# Piping DVD sound through foobar player?



## peterselby7 (Nov 29, 2008)

I am trying to play back DVDs sending the sound through my foobar crossover. I am running active crossovers through the foobar crossover then out to my external soundcard then the preamp/ amps. I need to pipe the signal through foobar to get full bandwidth sound to all of my drivers keeping my room compensation intact etc. Does anyone know how to do this?

Pete


----------



## Wayne A. Pflughaupt (Apr 13, 2006)

It doesn't work to use your computer's DVD drive?

Regards,
Wayne


----------



## nova (Apr 30, 2006)

I assume you have D/L the latest version of foobar2000 ? I have never messed with it but I wonder if there is a third party plug-in you could try ?


----------



## peterselby7 (Nov 29, 2008)

Thanks for the response. 

I can use the computer dvd drive but have been unable to figure out how to send the dvd sound through the foobar crossover.

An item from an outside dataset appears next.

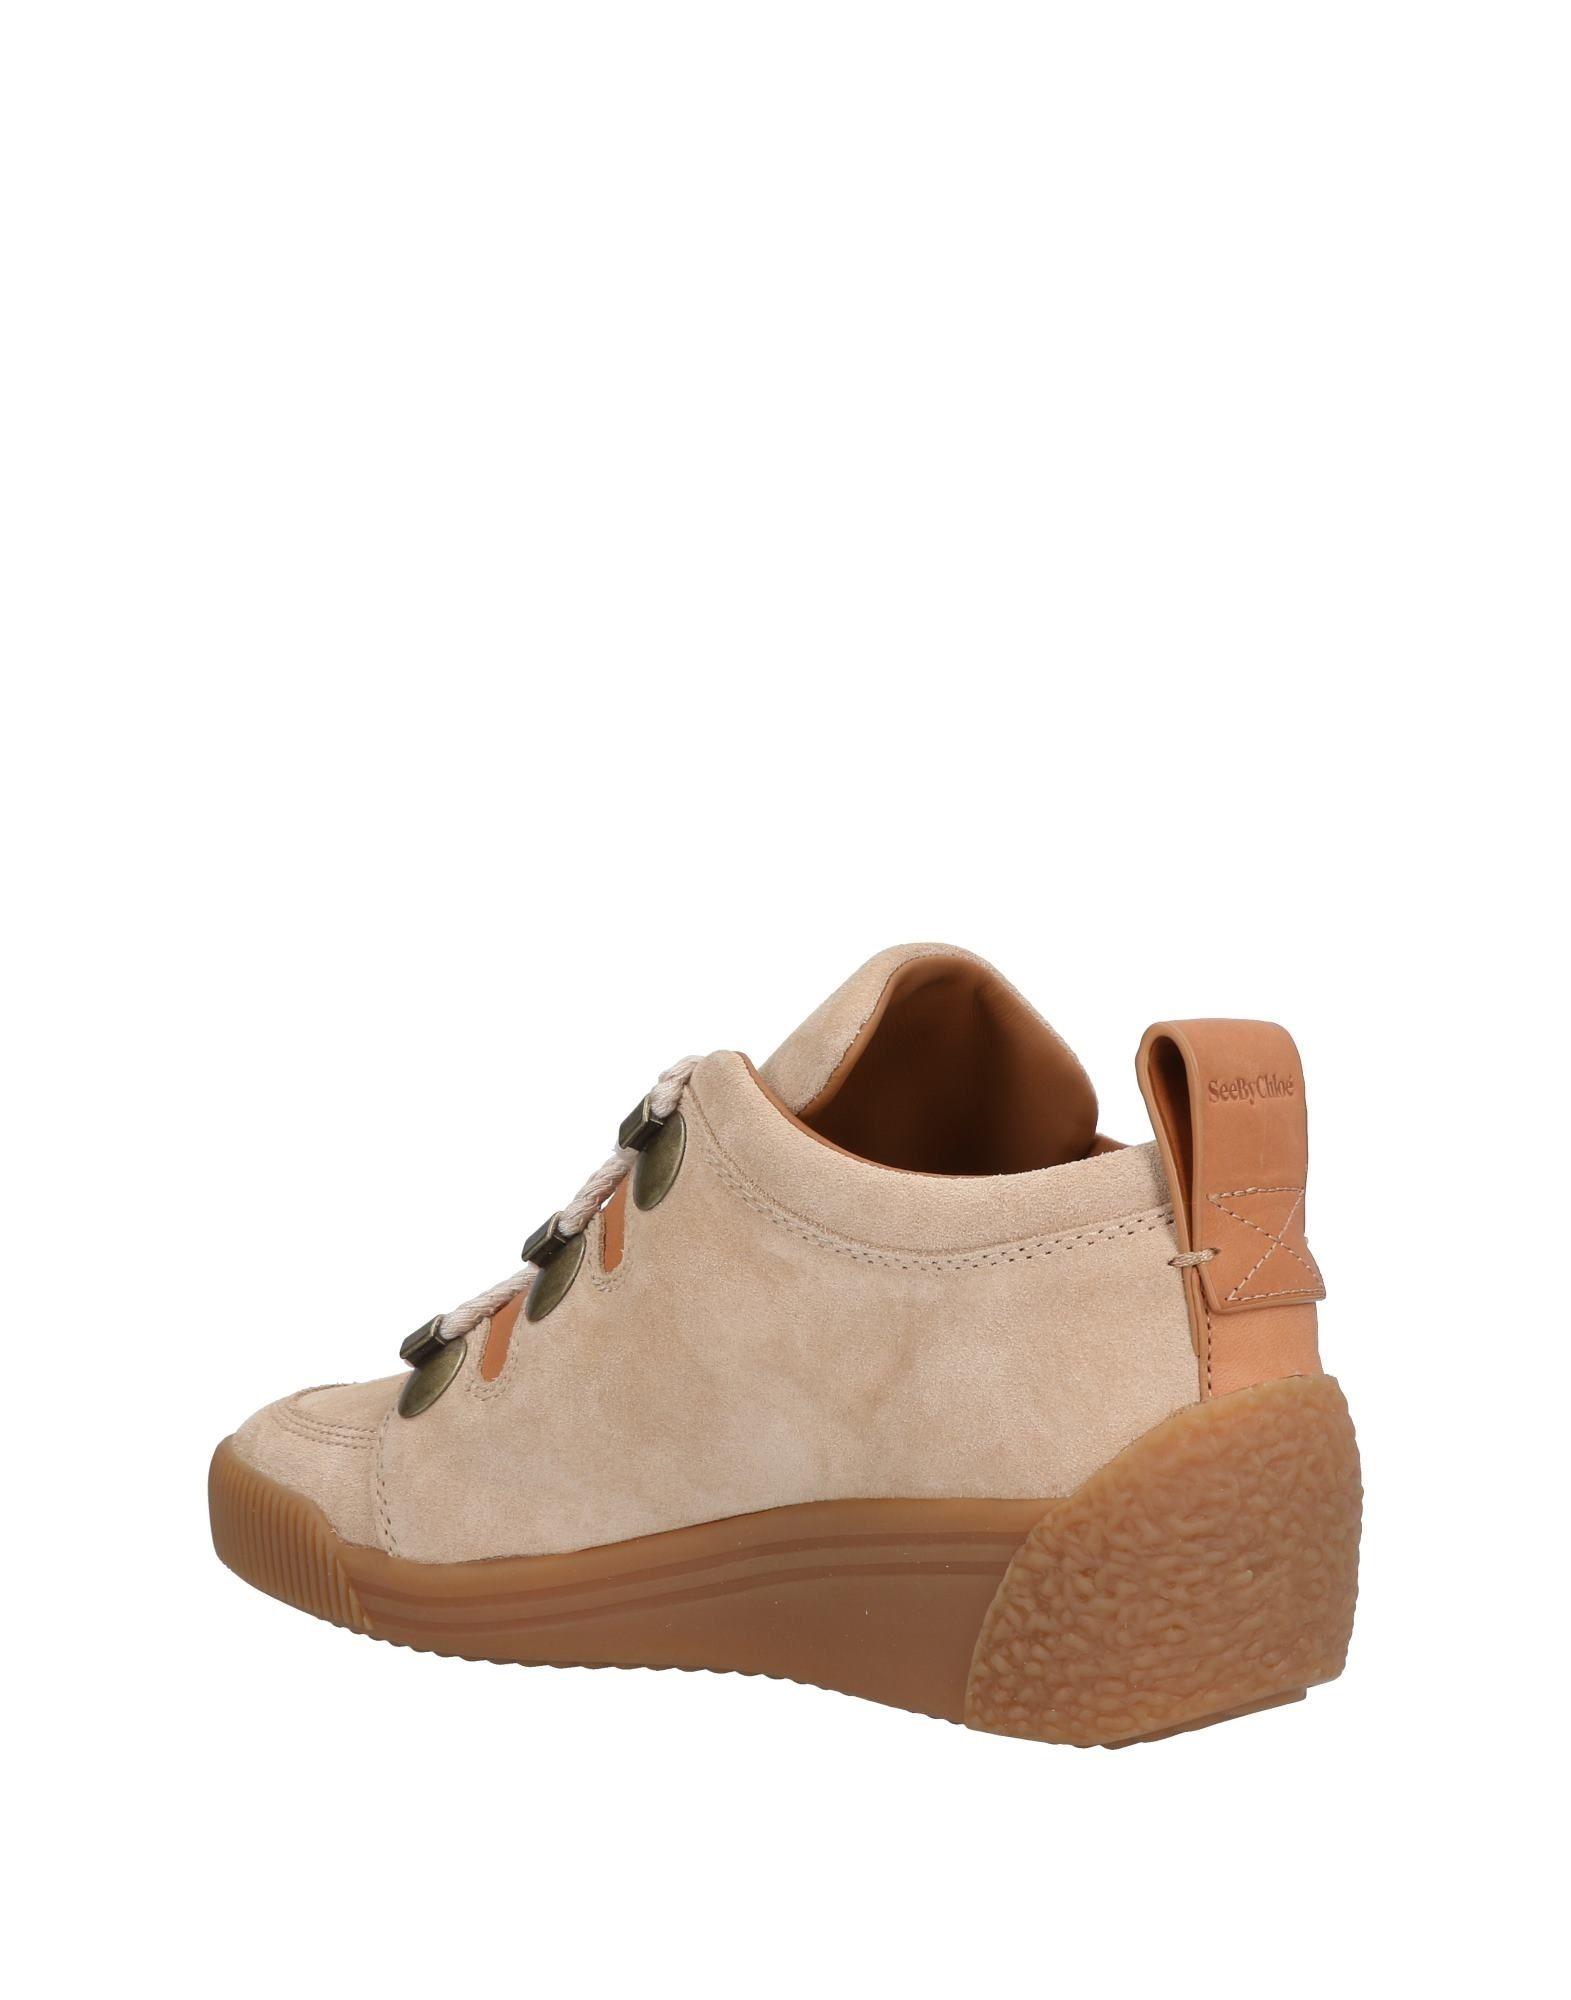 See By Chloé Damen Sneakers Damen Chloé  11483372NT Neue Schuhe fbbfcb

I need to do this so that I can get sound to all the drivers: tweeters, mid, and bass. - my speakers use the active crossover in foobar. I can send sound out through two outputs from zoom player but I need to send the signal from zoom player (or any other player) into the foobar crossover then out to the amps. Supposedly, you can use a plugin to accomplish this but I have not been able to get anyone to explain how to do this. Any ideas?


----------